On Fri, 13 Mar 2009, Manoj Srivastava wrote:
>         There are several things I dislike about the first option. 
>  1. I do not like that policy would turn around 15 years of convention
>     and suddenly outlaw $(MAKE) -f debian/rules foo. This will break
>     many of my packages; and I  do not think that that is
>     justified. There are better solutions than the ones proposed.

Packages are not suddenly broken, no.
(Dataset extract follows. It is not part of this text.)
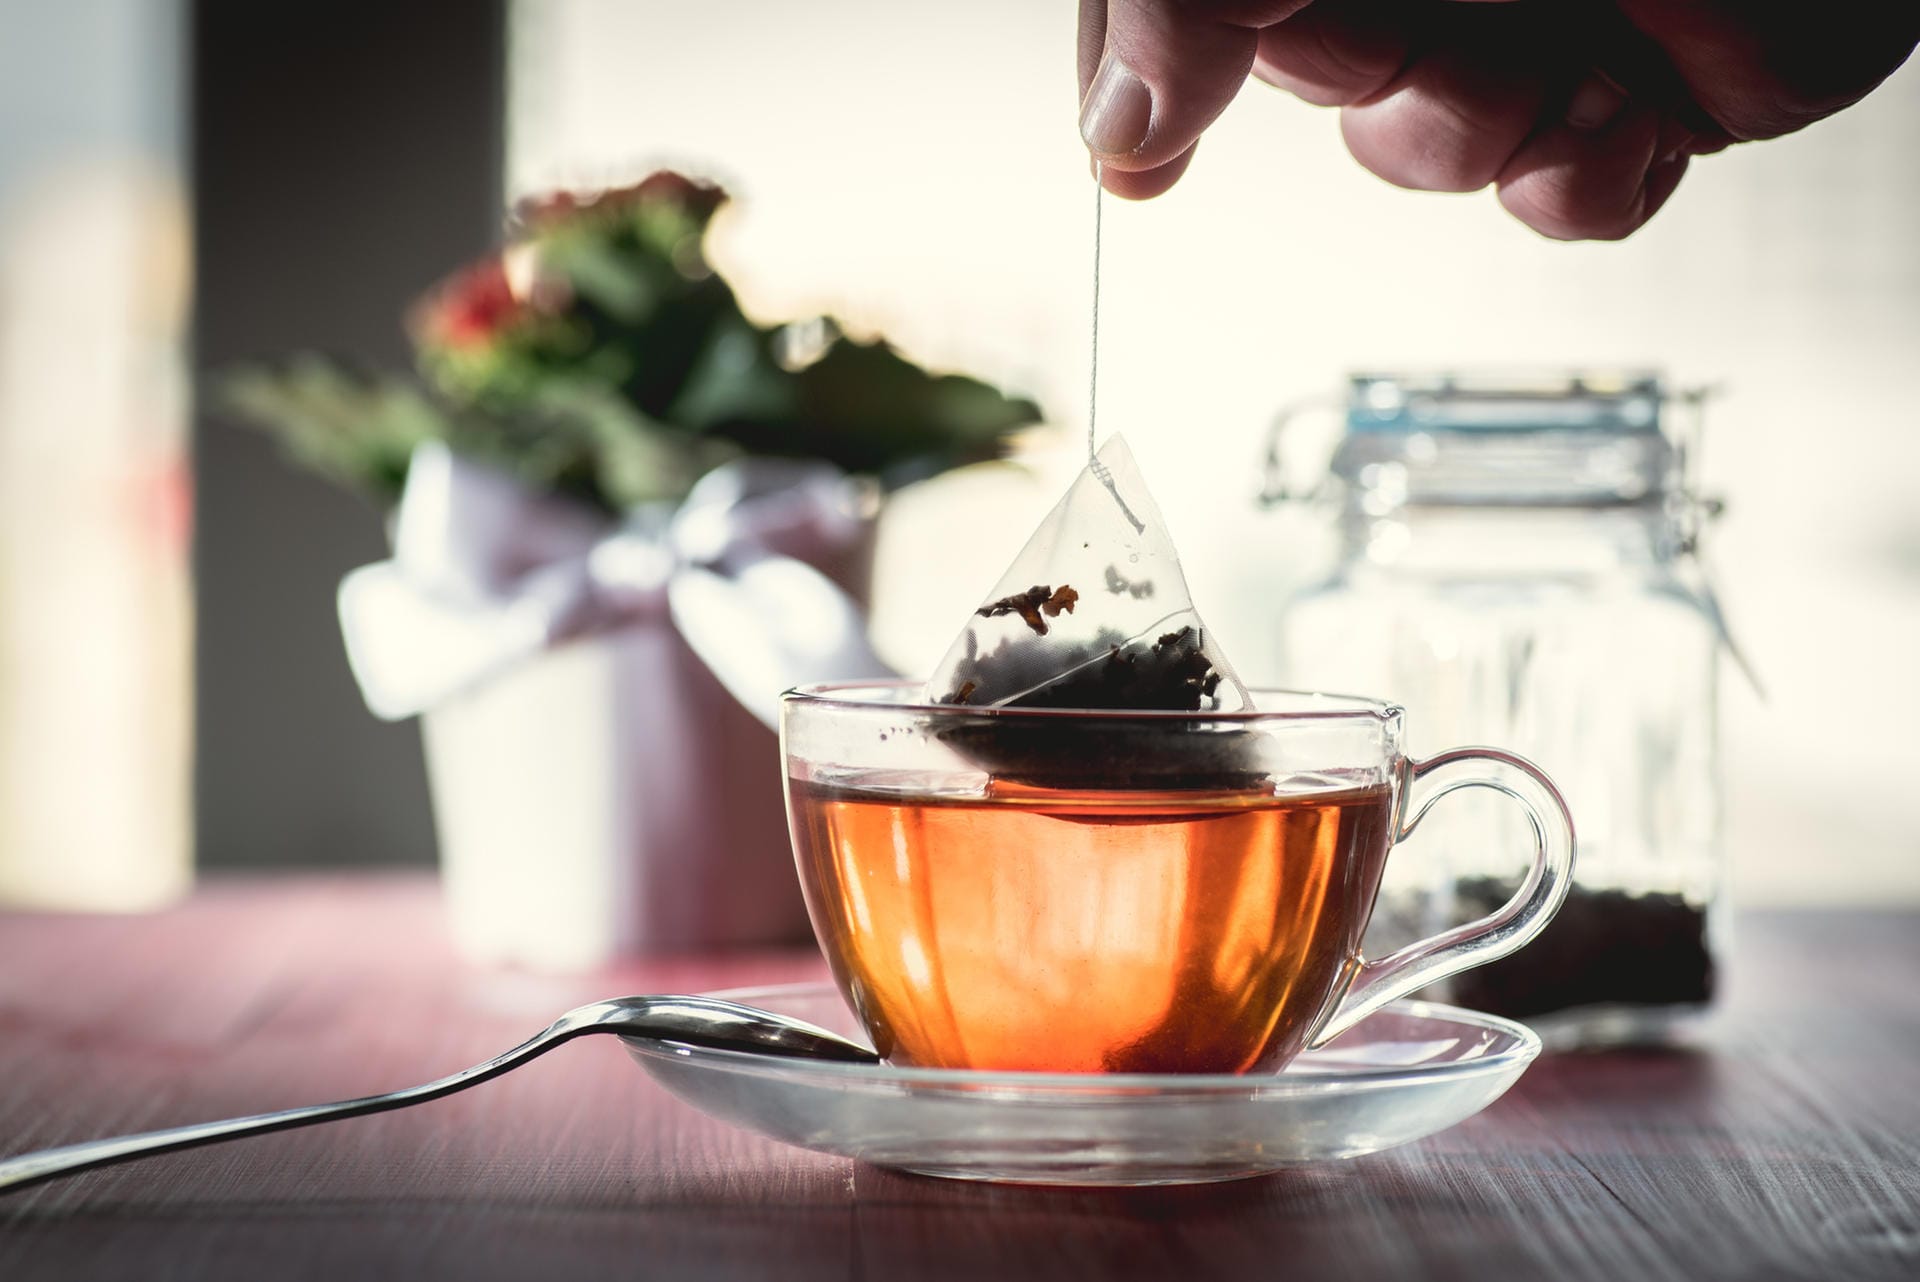 Dasselbe gilt für schwarzen und grünen Tee. Sie zählen zwar wie Kaffee und Wasser zur Flüssigkeitsbilanz – solange kein Zucker drin ist. Sie sind aber in erster Linie Genussmittel.

The fact the we require that some
environment variables are set to specific values when we call debian/rules
won't break packages.

(It did break some packages when dpkg-buildpackage started setting those
variables (in the lenny cycle) but they have all been fixed now.)

Note also that all buildd use dpkg-buildpackage and a majority of DD
also use dpkg-buildpackage, directly or indirectly with debuild or
something similar.

>  2. As a packager, it is easy enough to over ride the setting
>     externally, by setting my own variables; but this makes it hard for
>     the end user to set the variables. I can certainly see cases where
>     one-size-does-not-fit all cases; so making it easy to change the
>     flags on a per package, per site, and a per compilation case can be,
>     and should be addressed.

Yes.

>  3. dpkg-buildpackage is probably the wrong place to put this solution
>     in.

Why?

>         The fact that dpkg-buildpackage's setting the variables is not
>  easily configurable, and  presents to make as though it was set
>  on the commandline, and thus making it hard for the *USER* to set the
>  flag variables via env variables, is, in my opinion, a major bug.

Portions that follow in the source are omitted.